# Work item
Keep the pictures out while you transcribe the listing below exactly.

# Dataset section

************

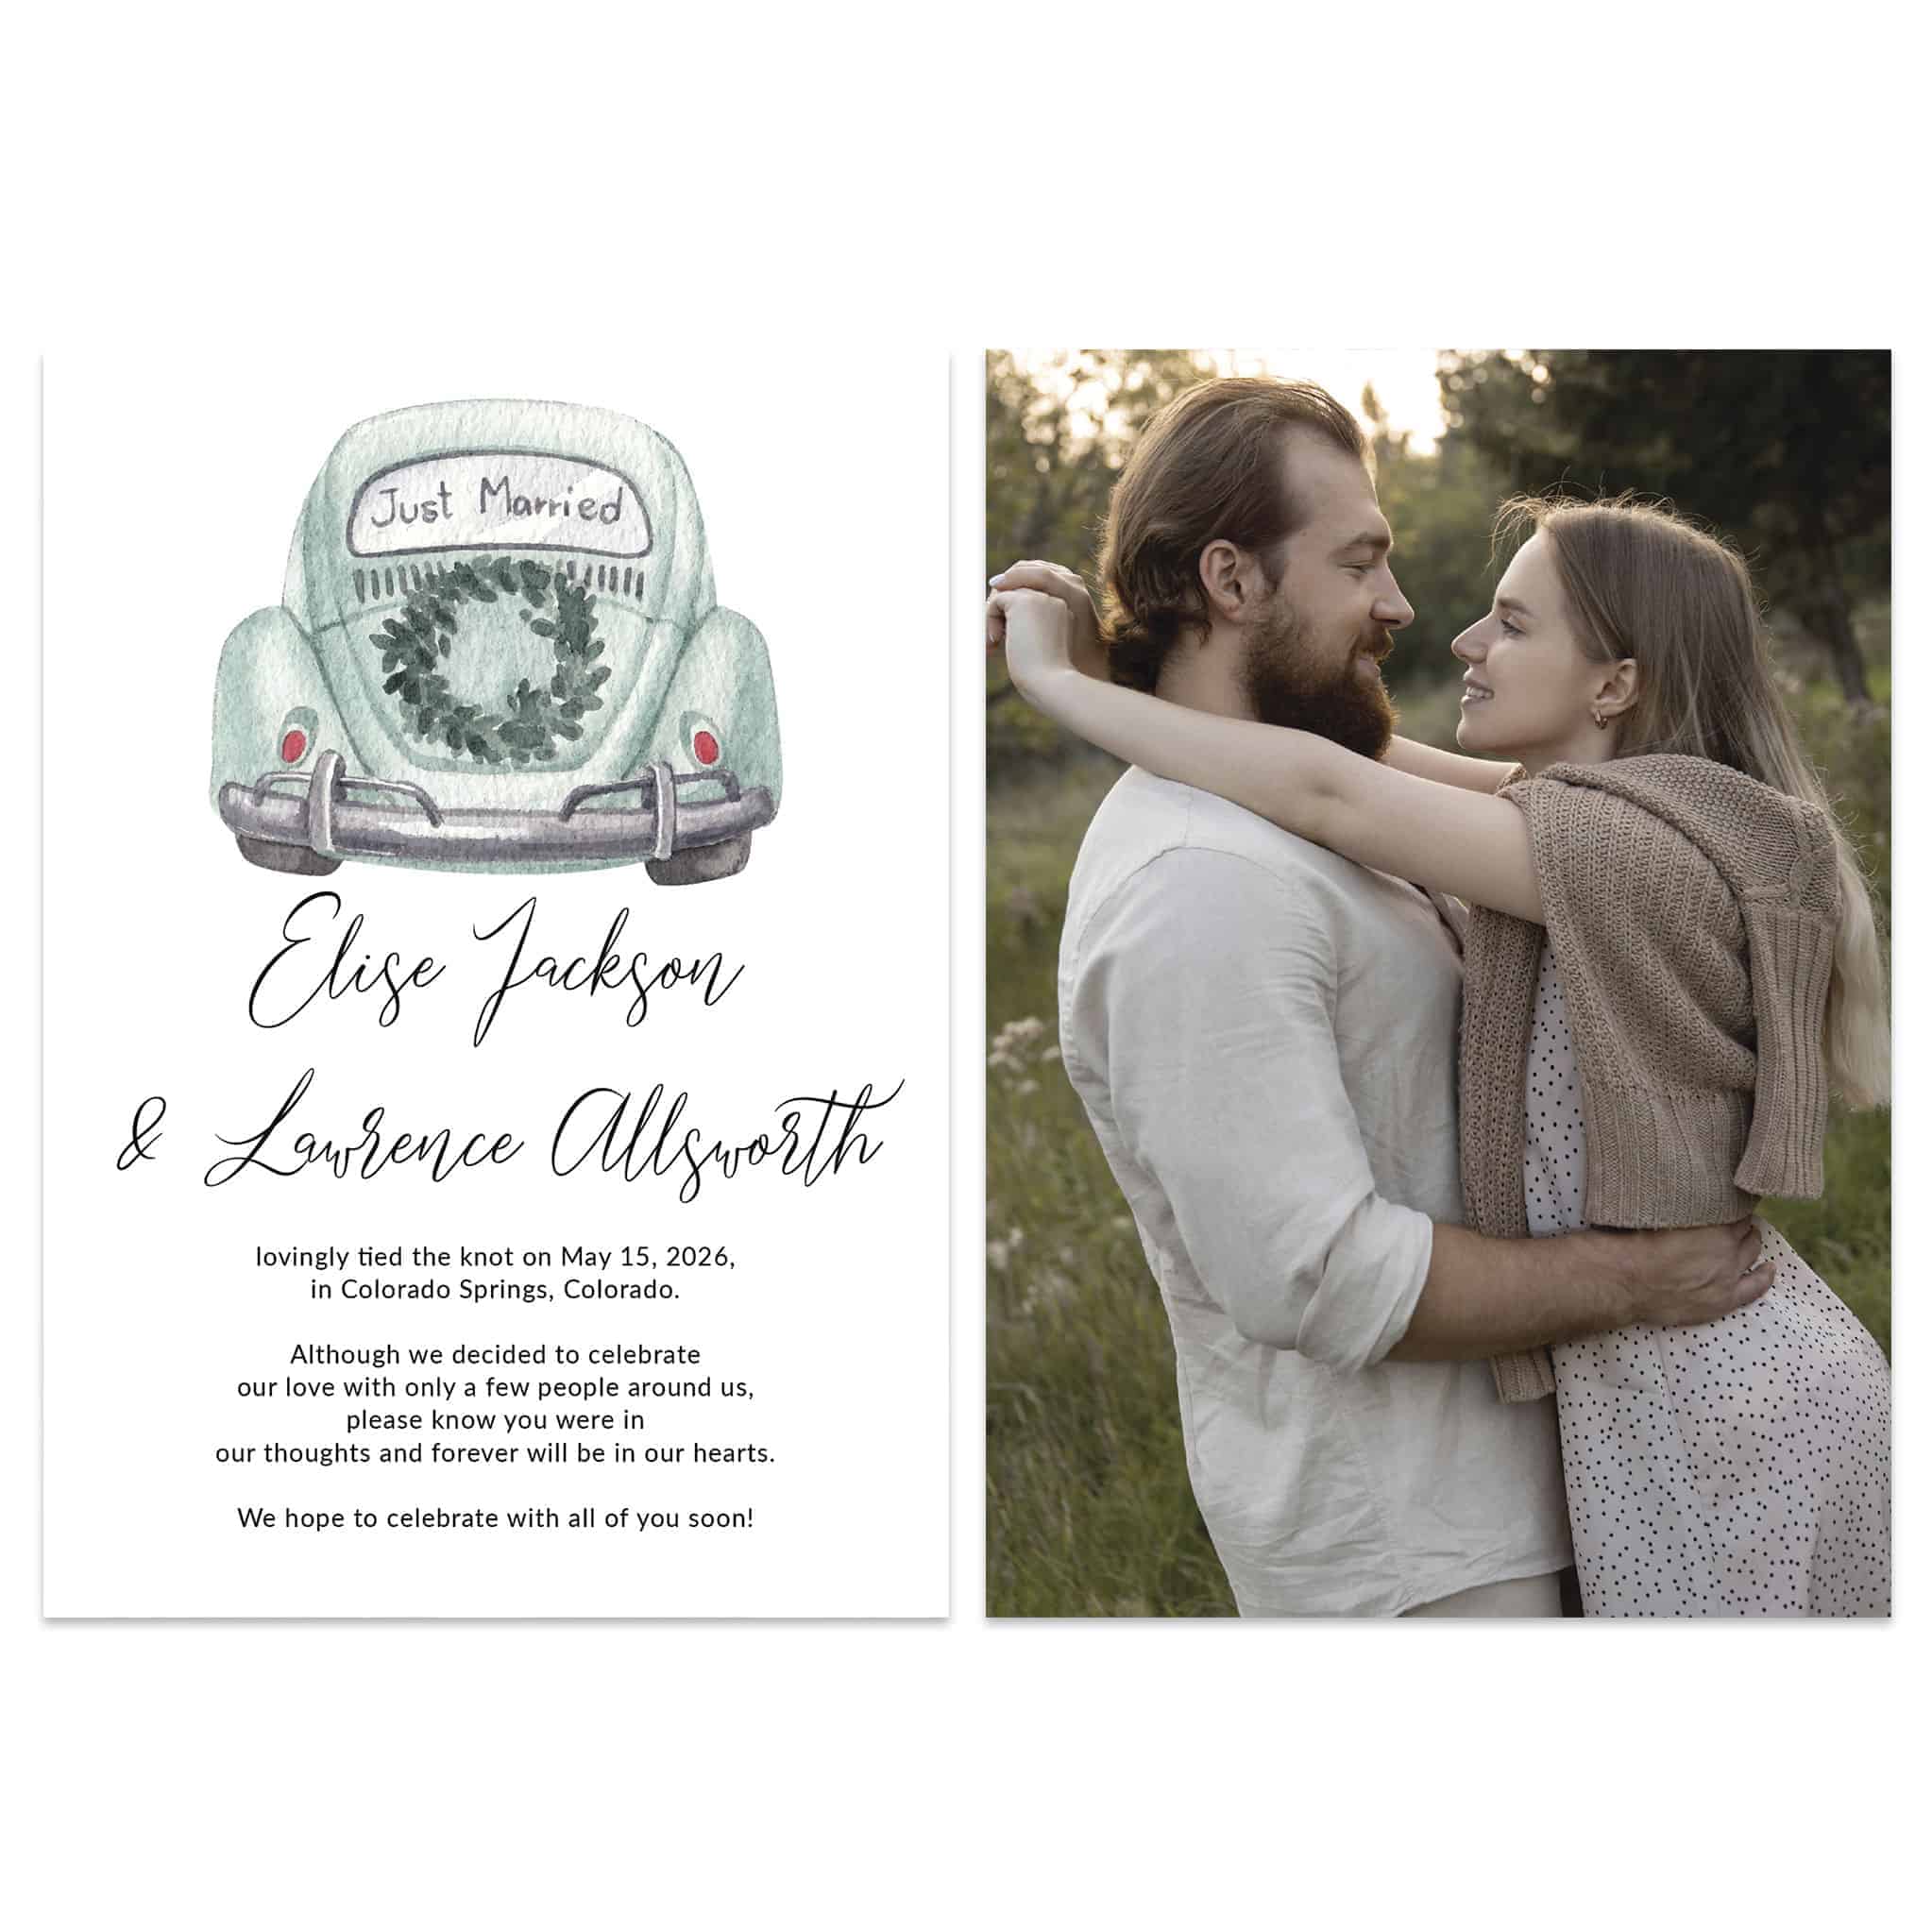 Just Married Elopement Wedding Announcement Cards, Watercolor Car, Add your photo
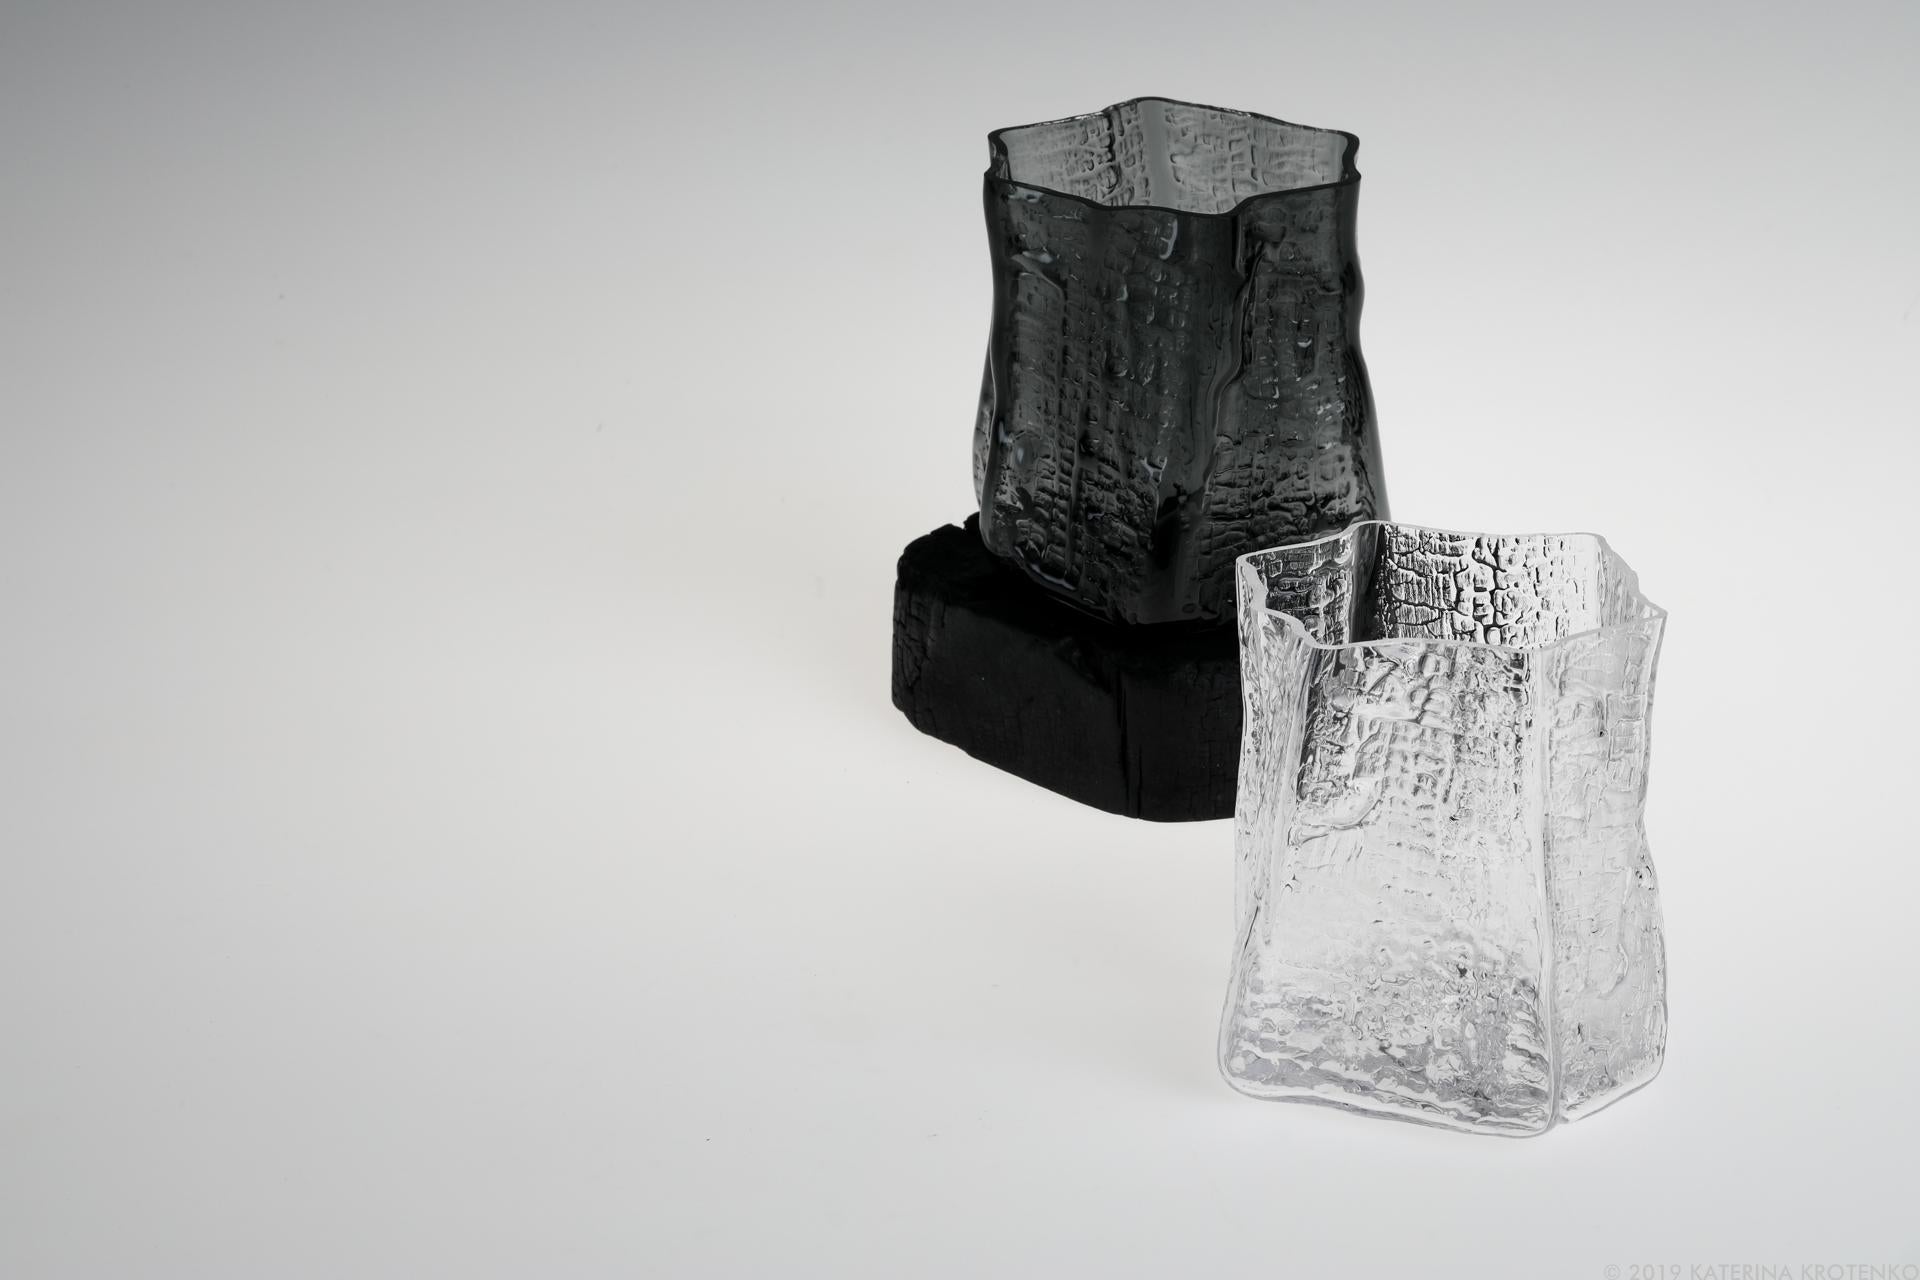 Shaped by fire / Drago — a pair of miniature glass vessels
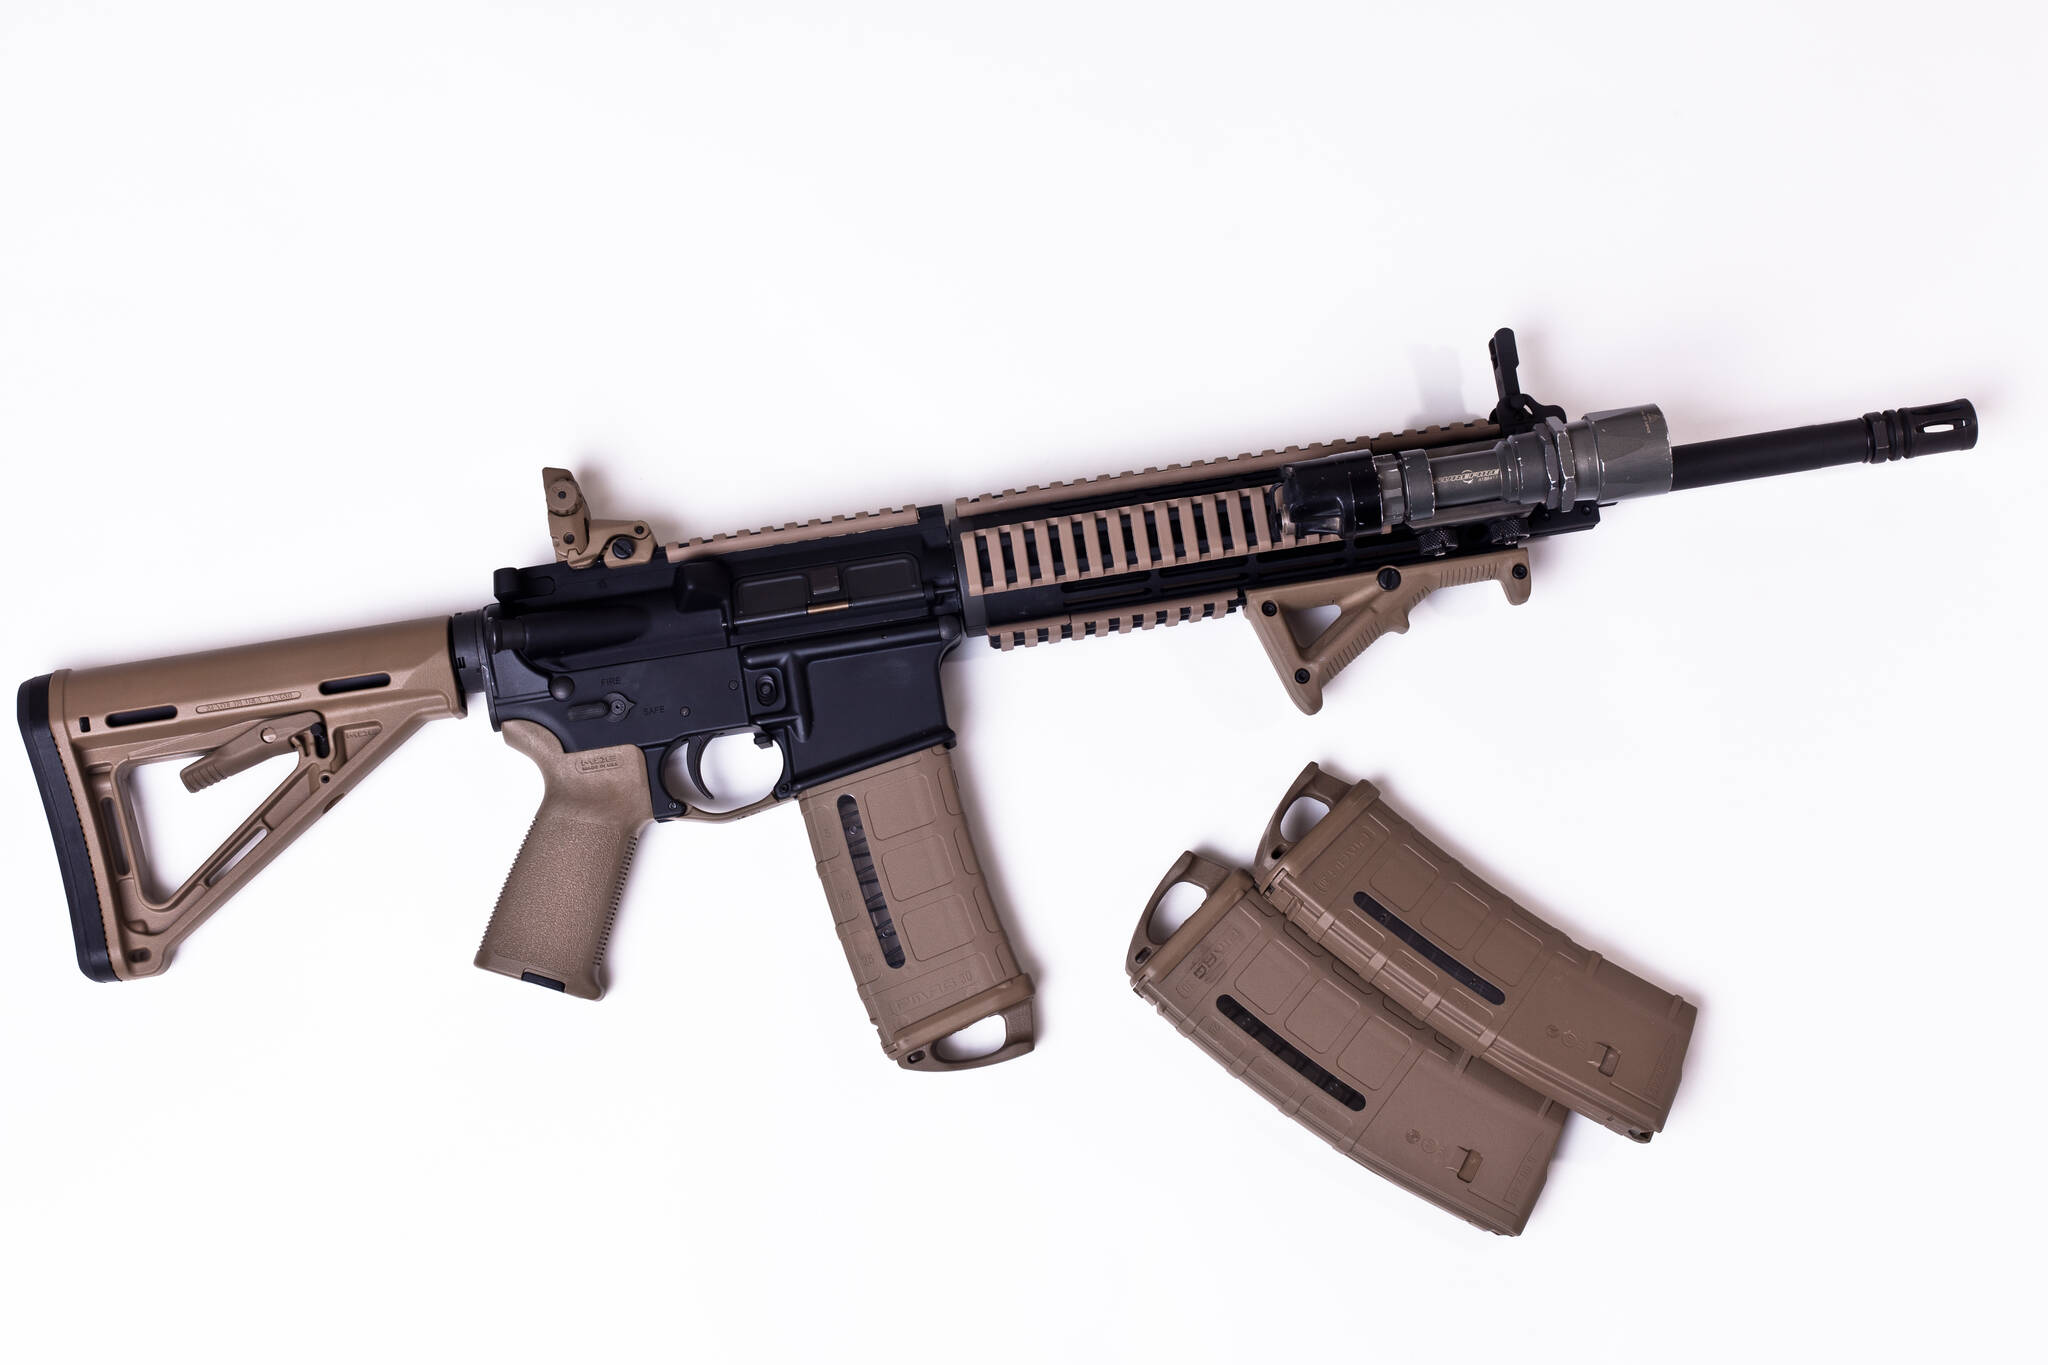 This image available under a Creative Commons license shows an AR-15 with magazines. (docmonstereyes / Flickr)

************

# Answer section
 Just Married Elopement Wedding Announcement Cards, Watercolor Car, Add your photo
 Shaped by fire / Drago — a pair of miniature glass vessels
 This image available under a Creative Commons license shows an AR-15 with magazines. (docmonstereyes / Flickr)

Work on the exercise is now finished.